Searchinger et al. also assumed that distillers’ grains and solubles

(DGS) from corn ethanol plants would displace corn on a pound-for-pound basis. The one-to-one displacement ratio between DGS and corn fails to recognize that the protein content of DGS is much higher than that of corn (28% vs. 9%). The actual displacement value of DGS is estimated to be at least 23% higher than that assumed by Searchinger et al.

(Klopfenstein et al. 2008).

Searchinger et al. estimated that U.S. corn ethanol production (between

15 billion and 30 billion gallons) would result in an additional 10.8 million hectares of crop land worldwide: 2.8 million hectares in Brazil, 2.3 million hectares in China and India, and 2.2 million hectares in the United States, and the remaining hectares in other countries. The researchers maintain that the United States has already experienced a 62% reduction in corn exports. Actually, U.S. corn exports have fluctuated around the 2-billion-bushel-a-year level since 1980. In 2007, when U.S. corn ethanol production increased dramatically, its corn exports increased to 2.45 billion bushels - a 14% increase from the 2006 level. This increase was accompanied by a significant increase in DGS exports by the United States - from 0.6 million metric tons in 1997 to 3 million metric tons in 2007.

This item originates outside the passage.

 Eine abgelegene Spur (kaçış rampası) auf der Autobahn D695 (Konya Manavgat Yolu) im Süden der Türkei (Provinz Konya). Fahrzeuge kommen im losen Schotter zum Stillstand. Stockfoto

Searchinger et al. had to decide what land use changes would be needed in Brazil, the United States, China, and India to meet their simulated requirement for 10.8 million hectares of new crop land. With no data or modeling, Searchinger et al. used the historical land use changes that occurred in the 1990s in individual countries to predict future land use changes in those countries (2015 and beyond). This assumption is seriously flawed by predicting deforestation in the Amazon and conversion of grassland into crop land in China, India, and the United States. The fact is, deforestation rates have already declined through legislation in Brazil and elsewhere. In China, contrary to the Searchinger et al. assumptions, efforts have been made in the past ten years to convert marginal crop land into grassland and forest land in order to prevent soil erosion and other environmental problems.

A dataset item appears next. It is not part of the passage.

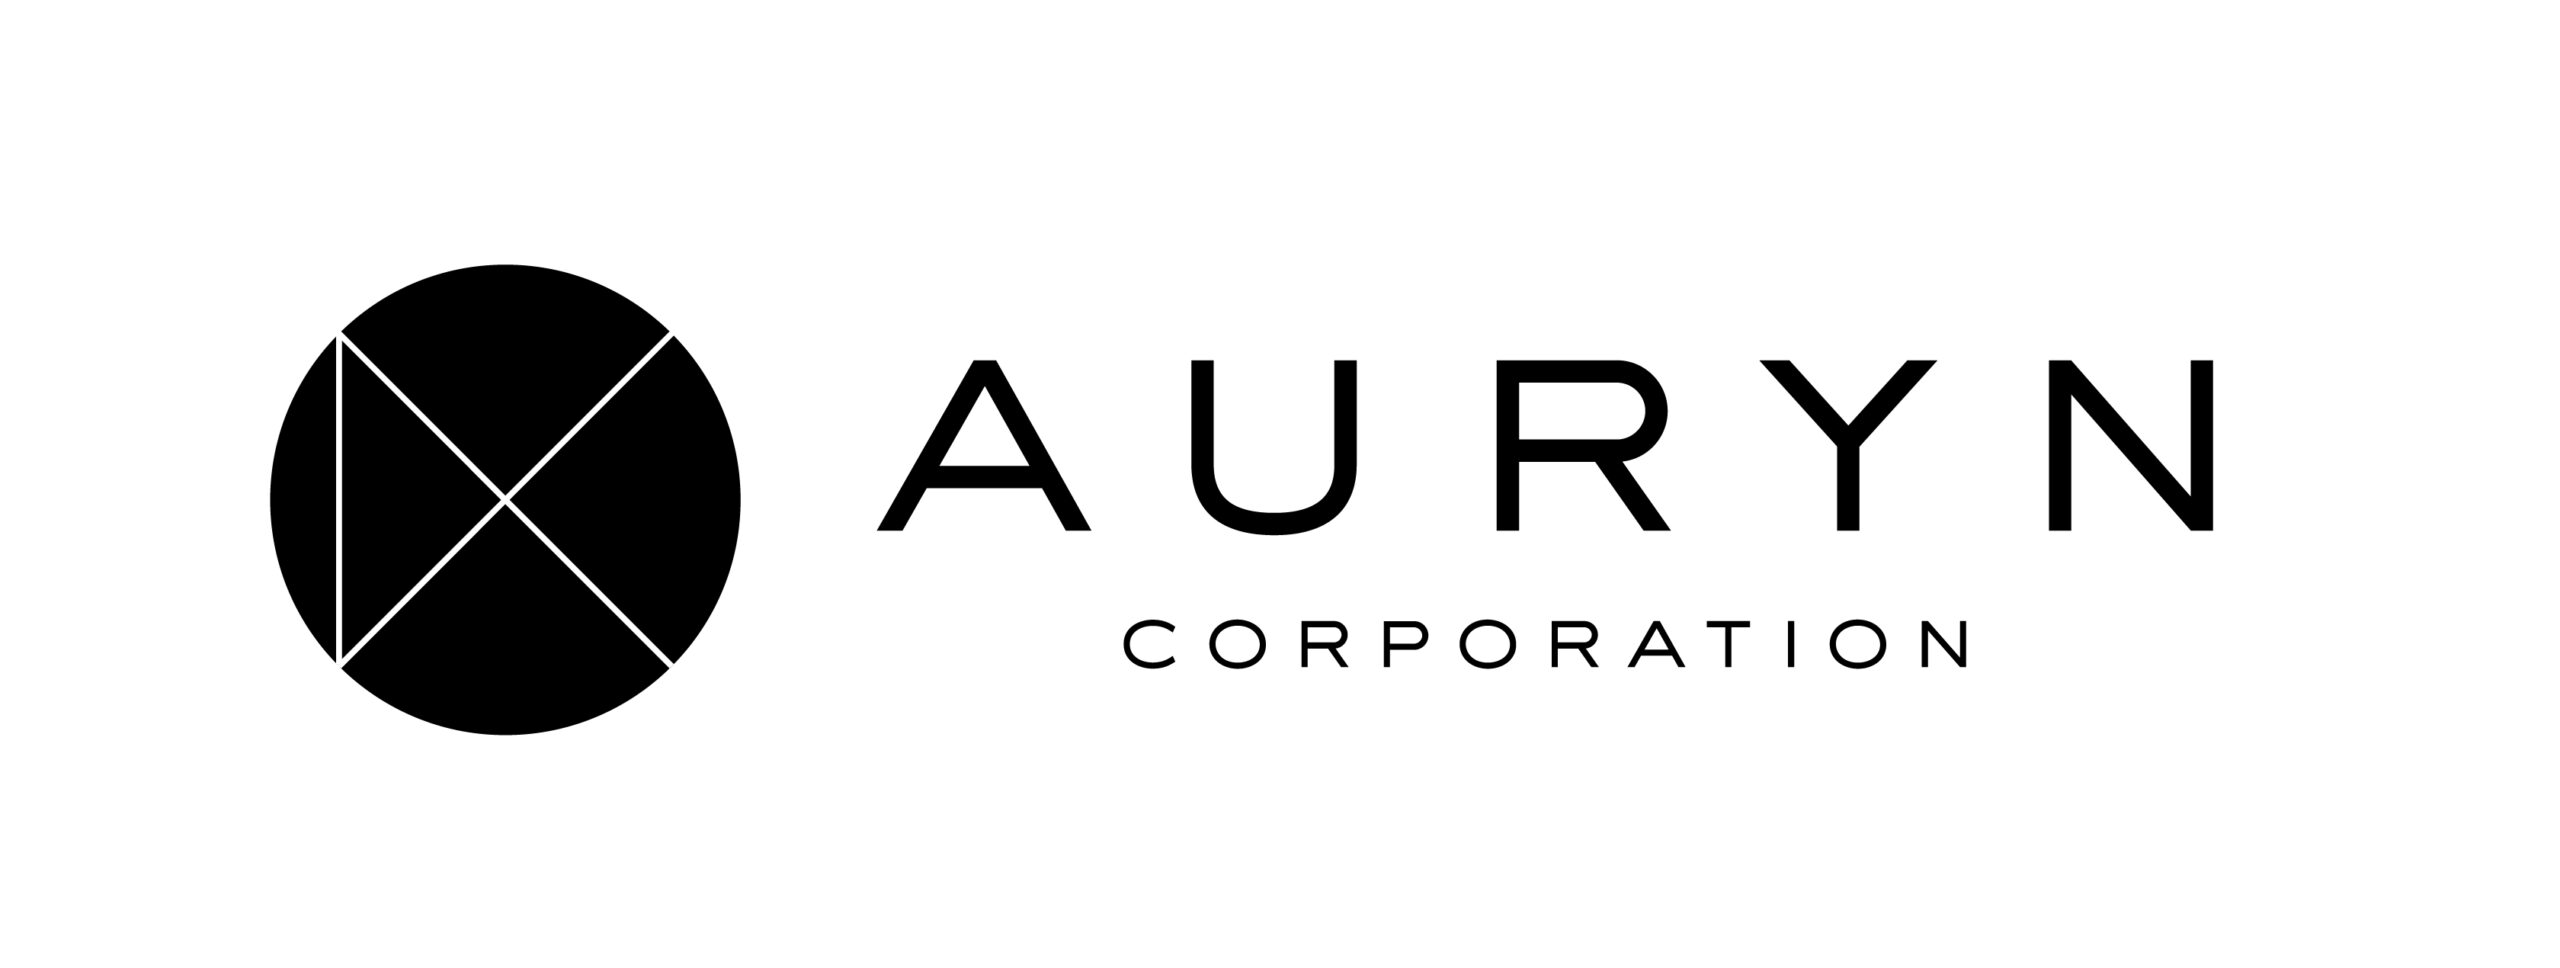 auryn corporation

In estimating the GHG emissions payback period for corn ethanol, Searchinger et al. relied on the 20% reduction in GHG emissions that is provided in the GREET model for the current ethanol industry. Future corn ethanol plants could improve their energy efficiency by avoiding DGS drying (in some ethanol plants) or switching to energy sources other than natural gas or coal, either of which would result in greater GHG emissions reductions for corn ethanol (Wang et al. 2007). Searchinger et al. failed to address this potential for increased efficiency in ethanol production.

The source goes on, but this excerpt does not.